A consideration of the specific words of the Act, as distinguished from its general purpose, reaches the same result. By the very words of the act “the full name” must include the “Christian name,” R. S. 19:31-3; N. J. S. A. 19:31-3, and the Christian name is “the baptismal name as distinct from the surname.” Bouvier Law Dictionary. Moreover, this “full name” must be the “true name,” R. S. 19:34-1; N. J. S. A. 19 :34-1, in order to preserve the purity of the election itself regardless of the criminal responsibility of the individual.

It has, of course, been stated I;hat “the Christian name is that which is given one after his birth, or at baptism, or is afterward assumed by him in addition to his family name.” Schaffer v. Levenson Co., 82 N. J. L. 61; 81 Atl. Rep. 434. But note that this assumed name is to be “in addition to his family name,” and that the court states the general rule as follows:

“By the- common law, since the time of the Norman conquest, a legal name has consisted of one Christian or given name, and of one surname, patronymic,- or family name. The *415surname, or family name, of a person is that which is derived from the common name of his parents, or is borne by him in common with other members of his family.”

Clearly, the registrant in the case at bar has given no surname whatever.

True, under certain circumstances one may lawfully change his name without resort to any legal proceedings, and the name thus assumed will constitute his legal name just as much as if he had borne it from birth. 45 C. J. 381, Names, § 15. But these circumstances apply only where such change of name “is not done for a fraudulent purpose, and in the absence of statutory restriction.” Hid. Of course, the superintendent of elections in the ease at bar does not expressly charge that there is a fraudulent purpose, for the very good reason that the refusal of the applicant may well have prevented him from ascertaining, whether or not such fraudulent purpose exists. But such a concealment obviously contravenes the statutory purpose to prevent disqualified persons from voting. Moreover, it is equally clear that the name by which one is commonly known is not for that reason alone one’s “true name.” 45 C. J., Names, § 14. Clearly, such common use of an assumed name will not suffice to make it the “true name,” required to be stated by a statute, whose major purpose is to determine the past, as well as the present, identity of the individual.

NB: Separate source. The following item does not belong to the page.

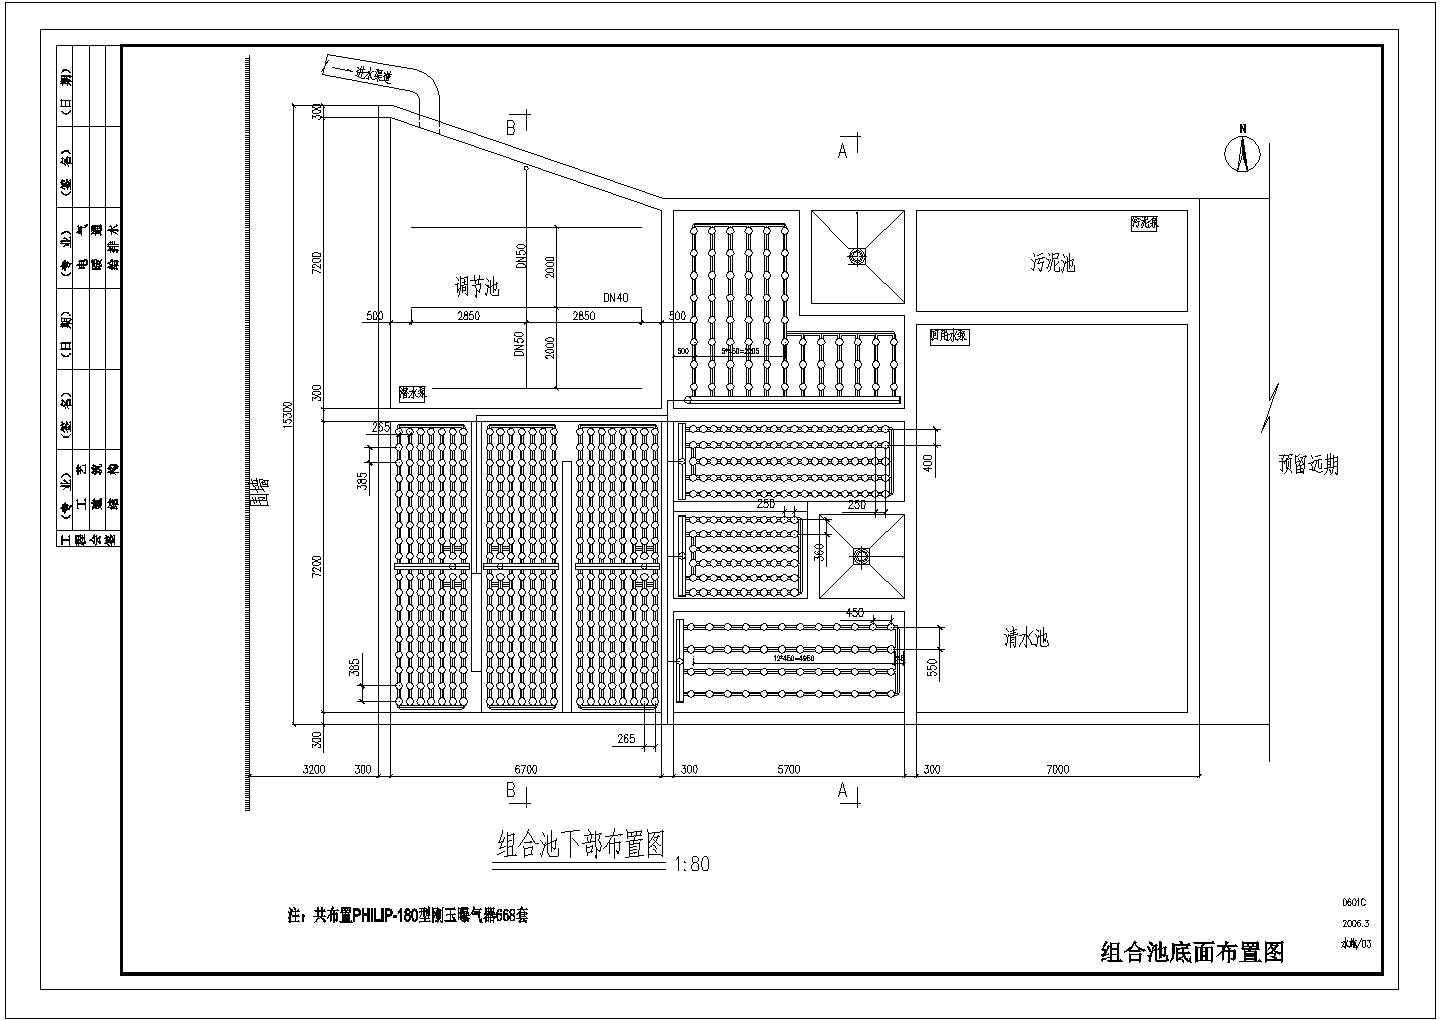 上海某公司污水改造项目工艺图曝气器CAD设计详细完整施工图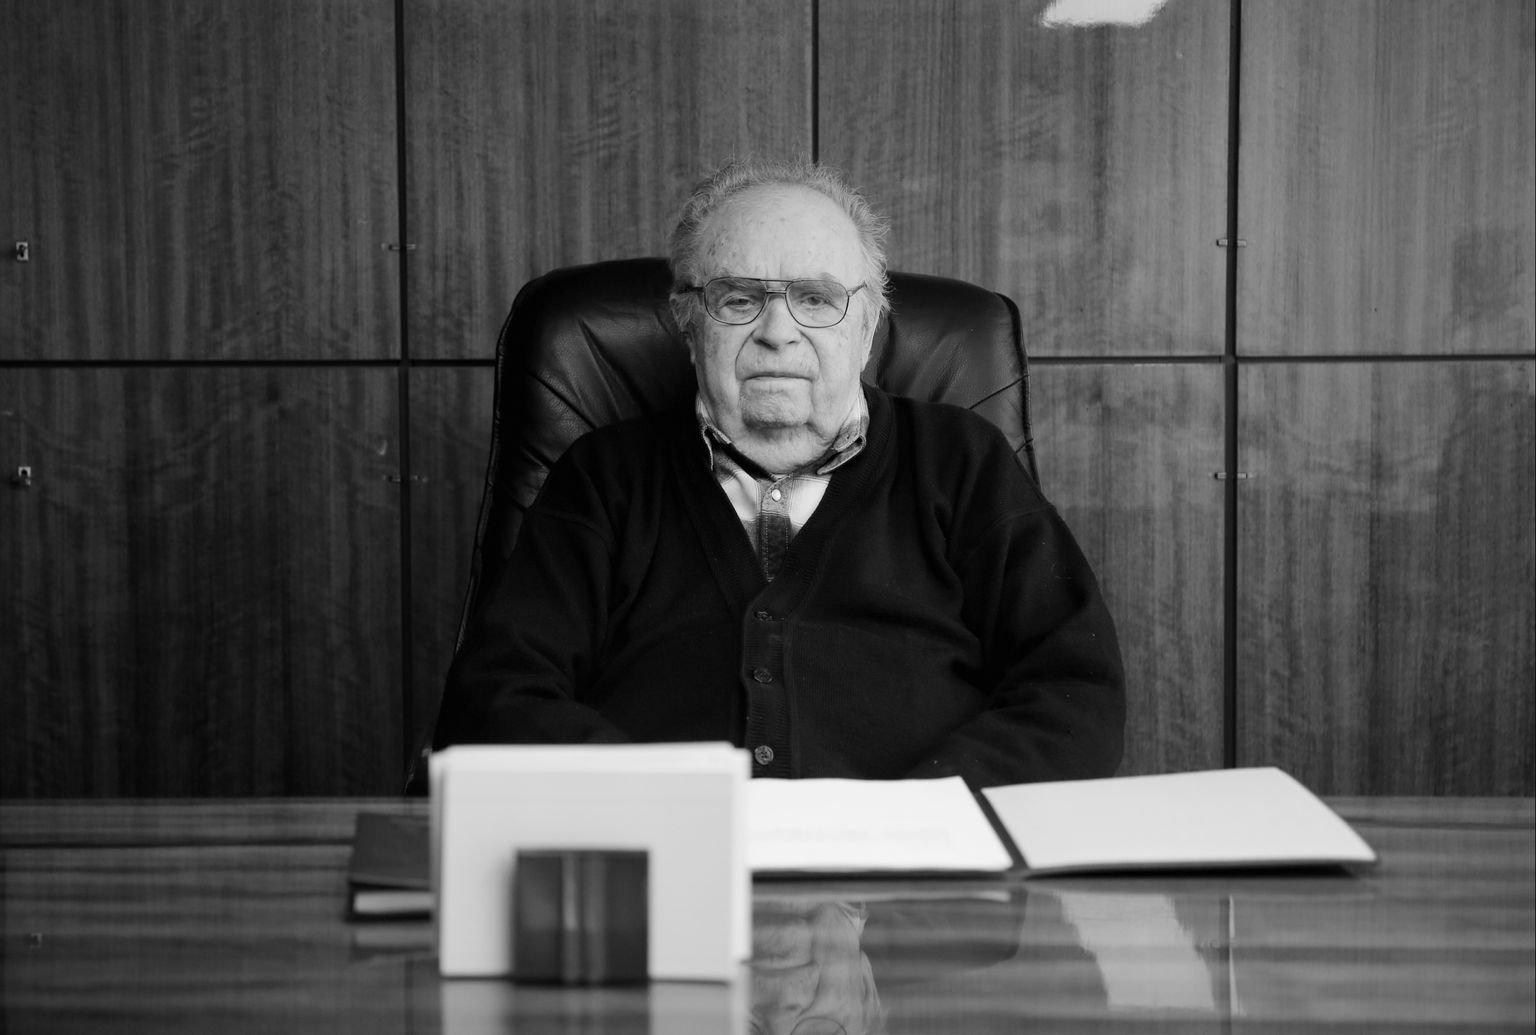 Руководитель Тартуского лесокомбината и Tarmeko Grupp Олев Нигуль в своем кабинете в 2019 году. На тот момент ему было 90 лет, но он продолжал работать.

Of course, the mere fact that the individual may desire to forget his past name, and to adopt a new name for allegedly religious reasons, is beside the point In the first place, the right to vote is not a religious right, but a purely civil one, granted to all qualified persons regardless of religion.

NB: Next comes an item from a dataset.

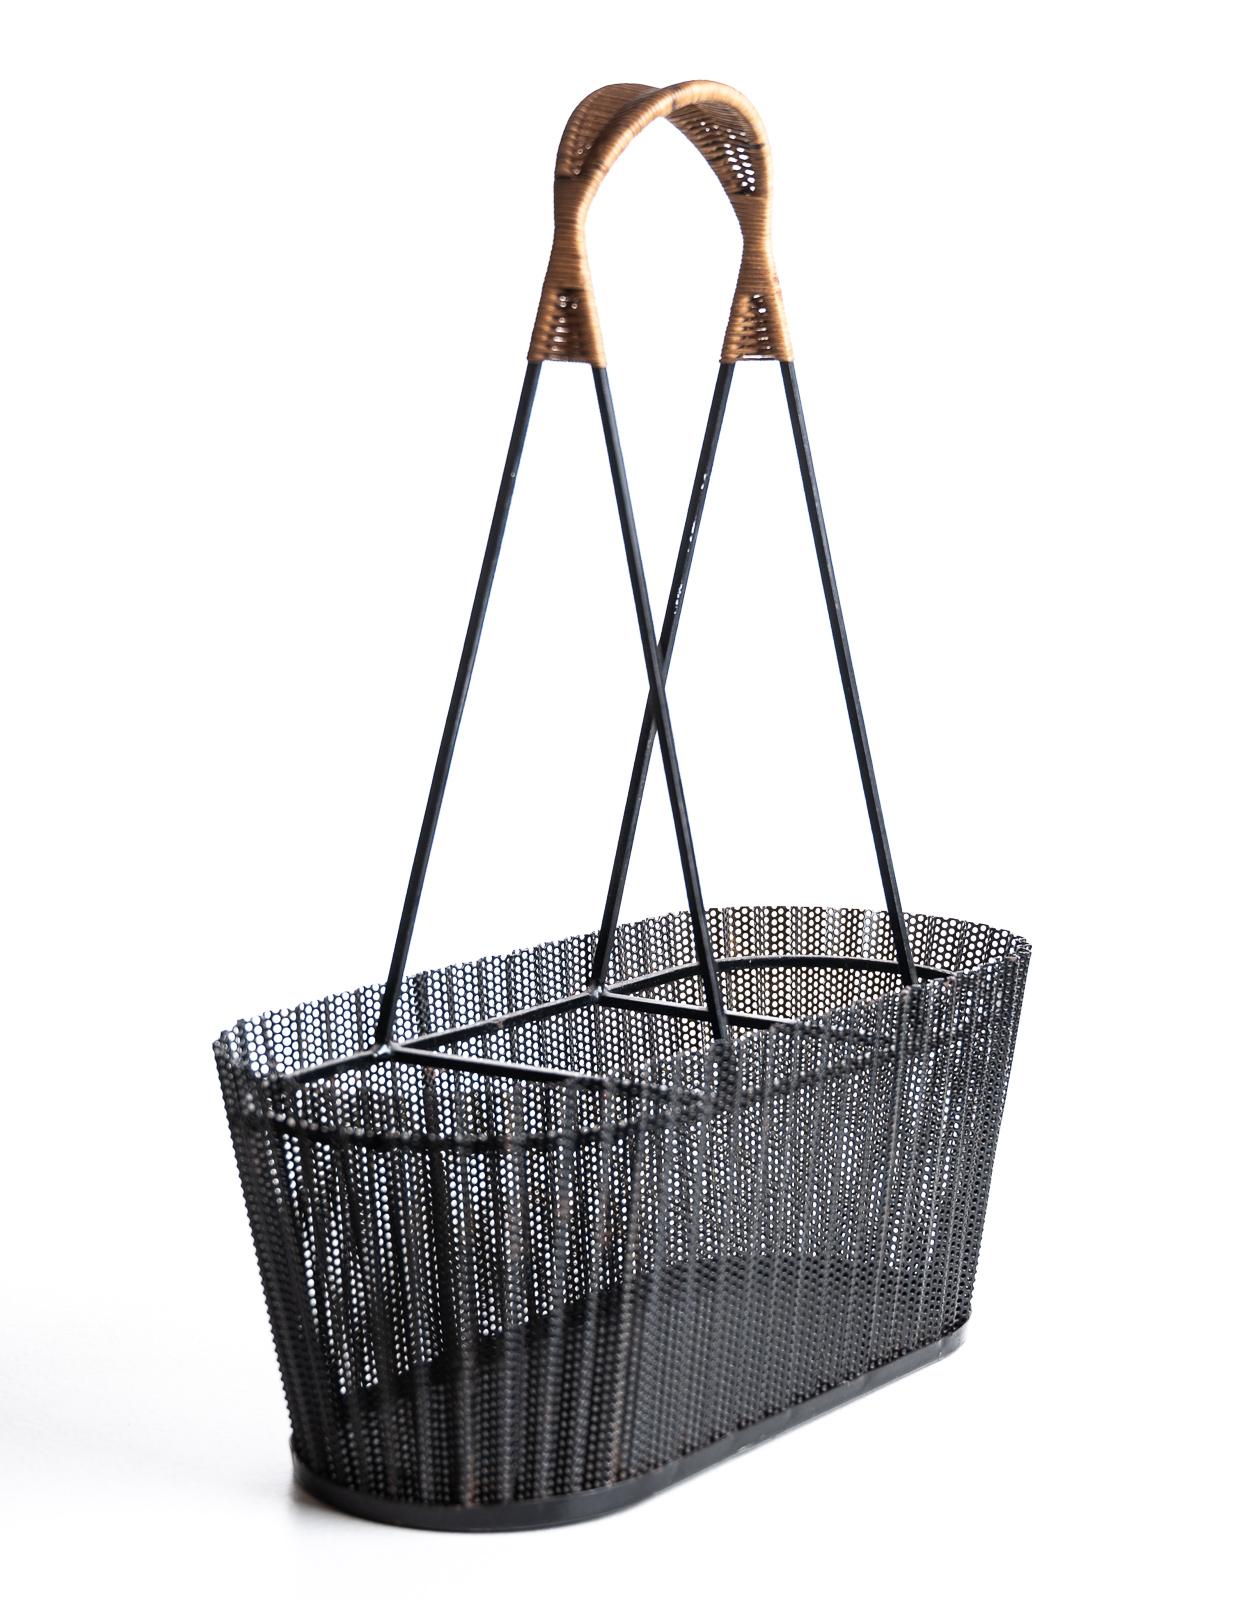 Mid-Century Modern Rare Metal Basket with Wicker Handles by Mathieu Matégot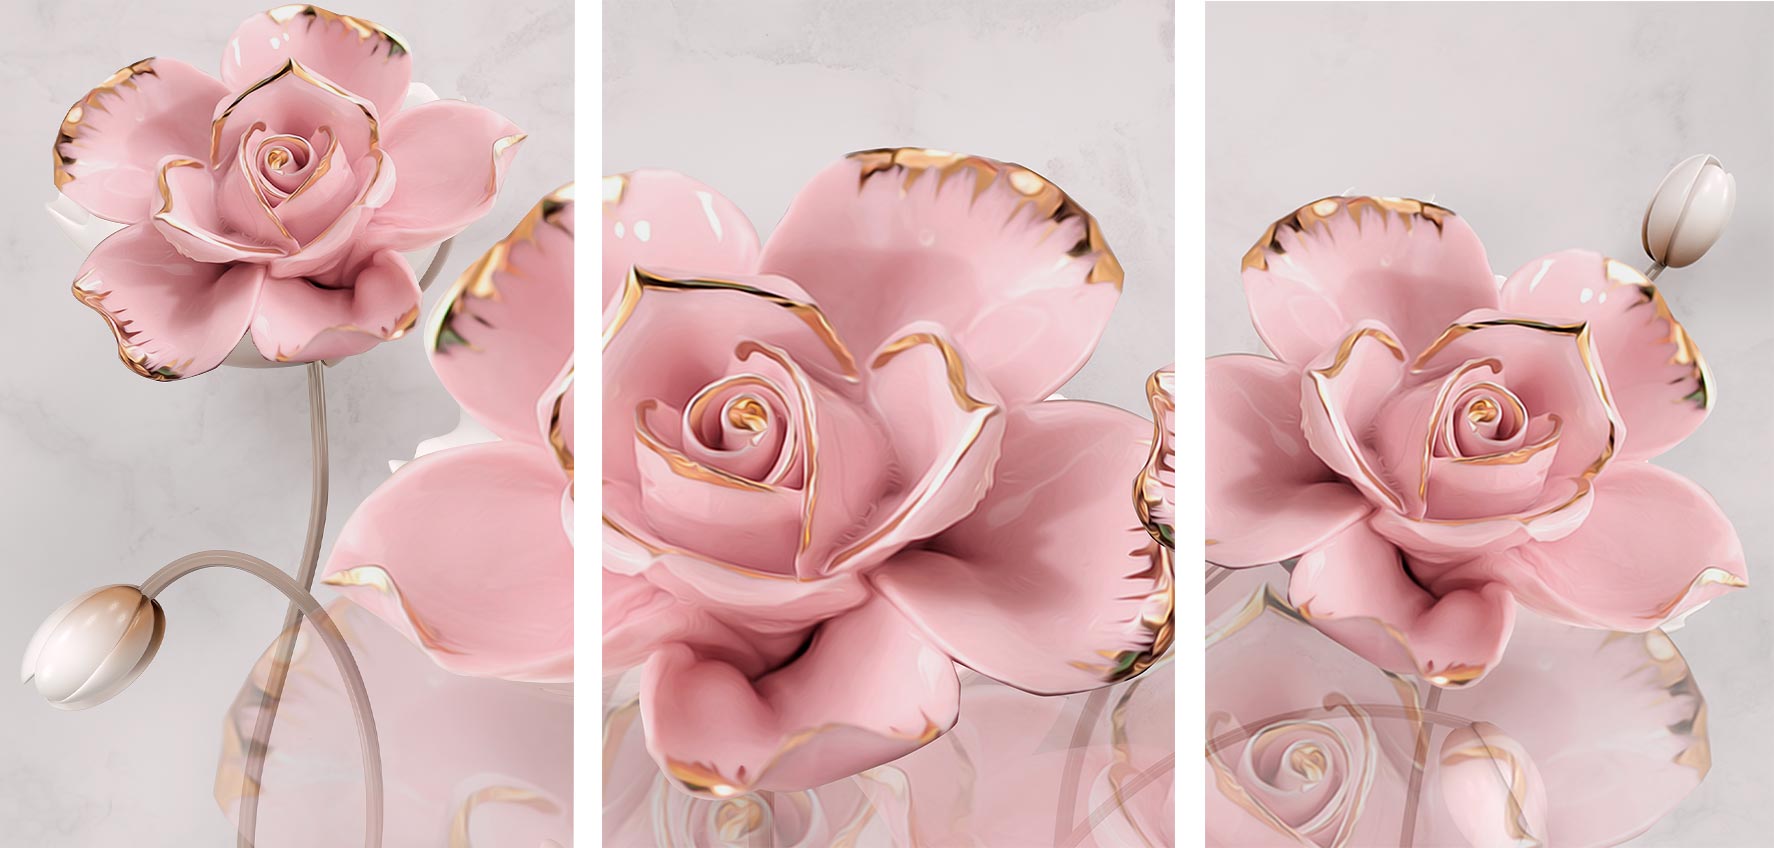 Kit 3 quadros retangulares - Detalhes de flores rosa

There is no more reason why the individual, who now chooses to be known among her associates by the name of “Love Faith,” should fail to disclose her past identity by registering under her previous ordinary name, than should the members of Boman Catholic sisterhoods, all of whom carry out their civil voting privileges under their ordinary civil names.

Finally, the state does not here seek to interfere with applicant’s use of the name “Love Faith.” All it seeks is to have *416the applicant disclose her past name on the record for the above proper statutory purpose. Accordingly, since the applicant originally presented herself in due time to the registration authorities, she will now be permitted to re-register within two days from the filing of this opinion and order, but only by signing her previous true name, or adding same, as such previous name, to her present registration. Otherwise, the application is denied.